Analogues of our planetary system

The night sky shines with the light of billions of distant stars. Scientists believe that most of these stars have at least one exoplanet. To find these distant planetary systems, astronomers use different methods. The transit method helps detect planets that orbit close to their stars, while direct imaging is better for seeing planets that are farther away. The radial velocity method is very sensitive to large planets, and gravitational microlensing can detect small planets. But how can we find a second Solar system among all these other worlds?

Even back in the 1500s, Copernicus realized that Earth is not a special planet. That’s why he rejected the geocentric model, where the Sun goes around the Earth, and instead proposed the heliocentric model. So why, even with modern technology, haven’t we found a planetary system exactly like our Solar System?

A simple answer might be that the universe is just so huge. It’s big enough that every star and planet can be unique—just like no two snowflakes are exactly the same. But that answer isn’t very satisfying 😉. That’s why it’s worth looking back to 2006, when a special system was found: OGLE-2006-BLG-109Lbc.

This system was discovered via gravitational microlensing. This happens when a hidden planetary system passes between us and a distant star - source. The gravity of the planets bends space-time and causes the source's light to bend toward us. By studying how the star’s brightness changes (called a light curve), scientists estimated the system’s properties — including planet masses of 0.71 and 0.27 times the mass of Jupiter.

What’s surprising is that this system, located about 1.5 kiloparsecs from Earth, looks like a scaled version of our Solar System. It has a star with half the mass of the Sun, and two planets — one like a smaller Jupiter, and the other like a smaller Saturn — orbiting at about half the distance of their Solar System twins.

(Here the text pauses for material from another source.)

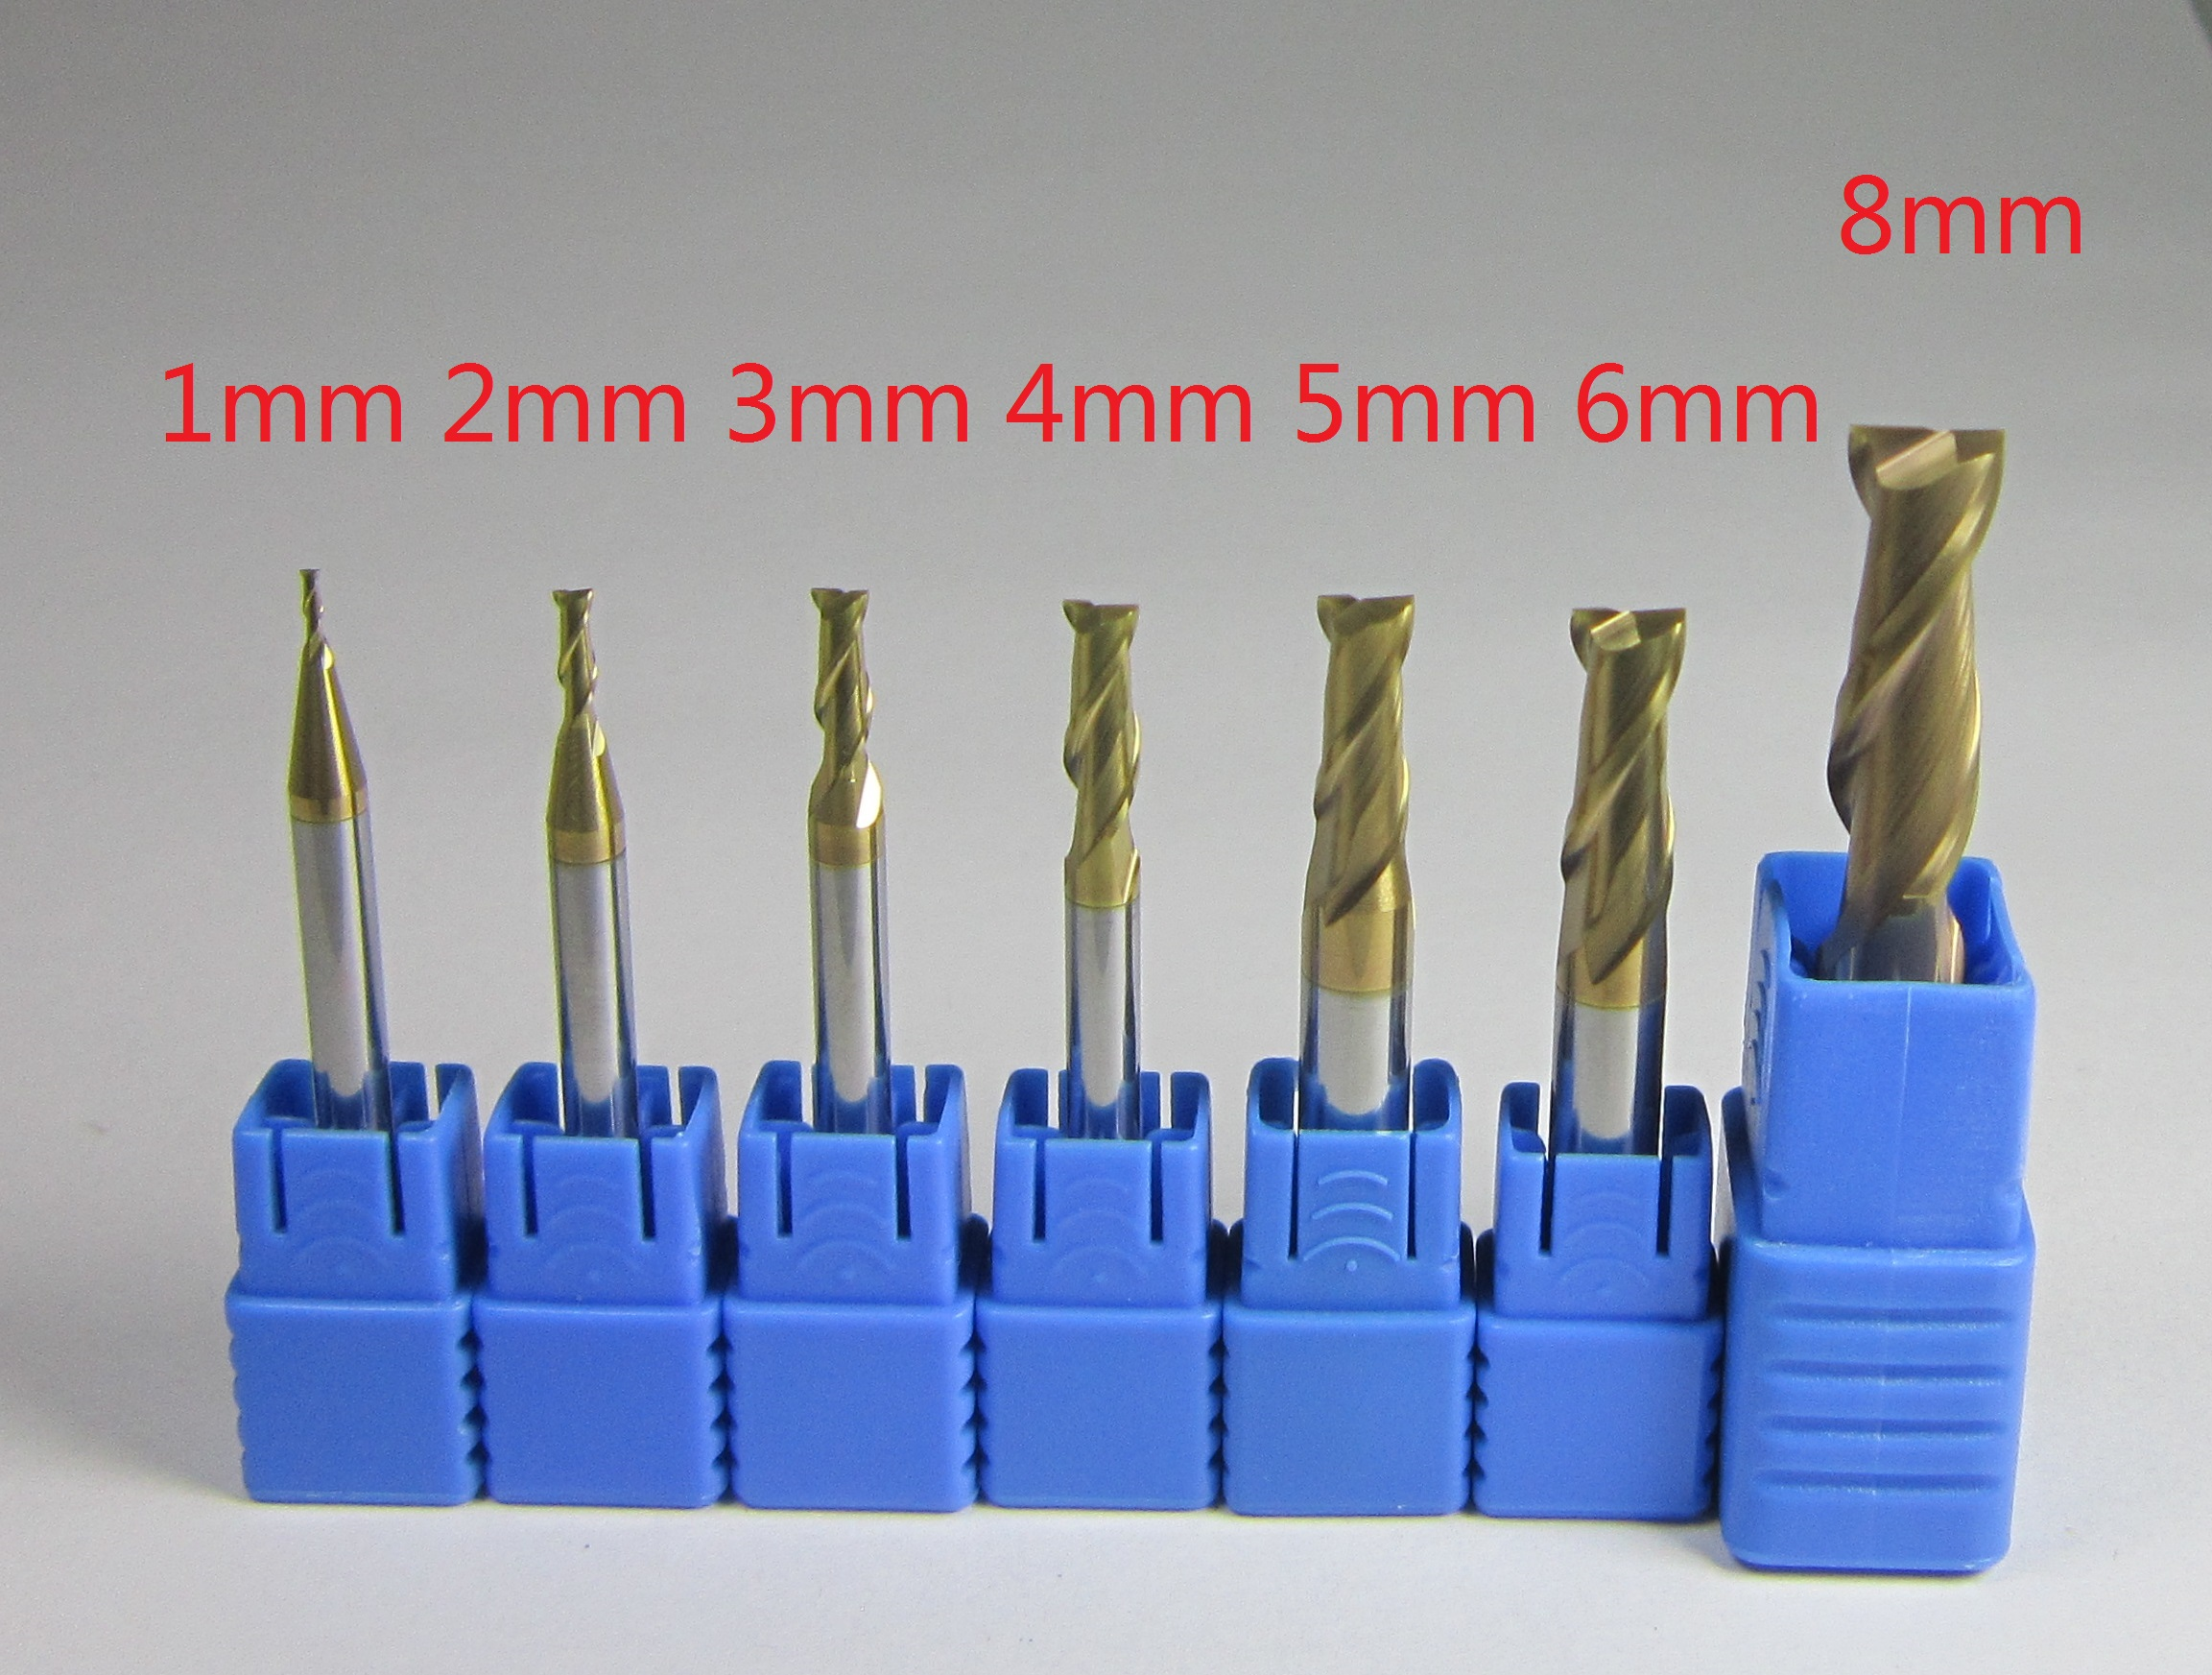 Fresa 1-8mm HRC58 3 Flutes End Mill Cutter Tungsten Carbide CNC Milling Aluminum

Usually, microlensing doesn’t allow us to see light directly from the planet system, because these systems are so far away. But 1.5 kpc isn’t too far — especially for a powerful telescope like Keck ;). Thanks to that, the system’s properties were measured more precisely than in most microlensing events.

So we can be fairly confident that a red dwarf star is being orbited by two planets with half the mass of Jupiter and Saturn. But why is this system so interesting, among the nearly 6,000 exoplanets discovered so far?

First, it looks like a mini version of our Solar System, which makes it a rare and exciting find.

Second, some theories suggest that rocky planets are more common in systems that also have gas giants. Big planets can act like protectors, blocking dangerous objects like asteroids from hitting smaller inner planets. Studies of OGLE-2006-BLG-109Lbc suggest that if rocky planets exist there, there may be more than one. Also, gas giants may help deliver water to the inner planets and shape the “habitable zone” — the area where liquid water could exist. Simulations even support the idea that rocky, possibly water-rich planets could exist there.

Third, this system raises an interesting question: how can such large gas giants form around a star that is so small?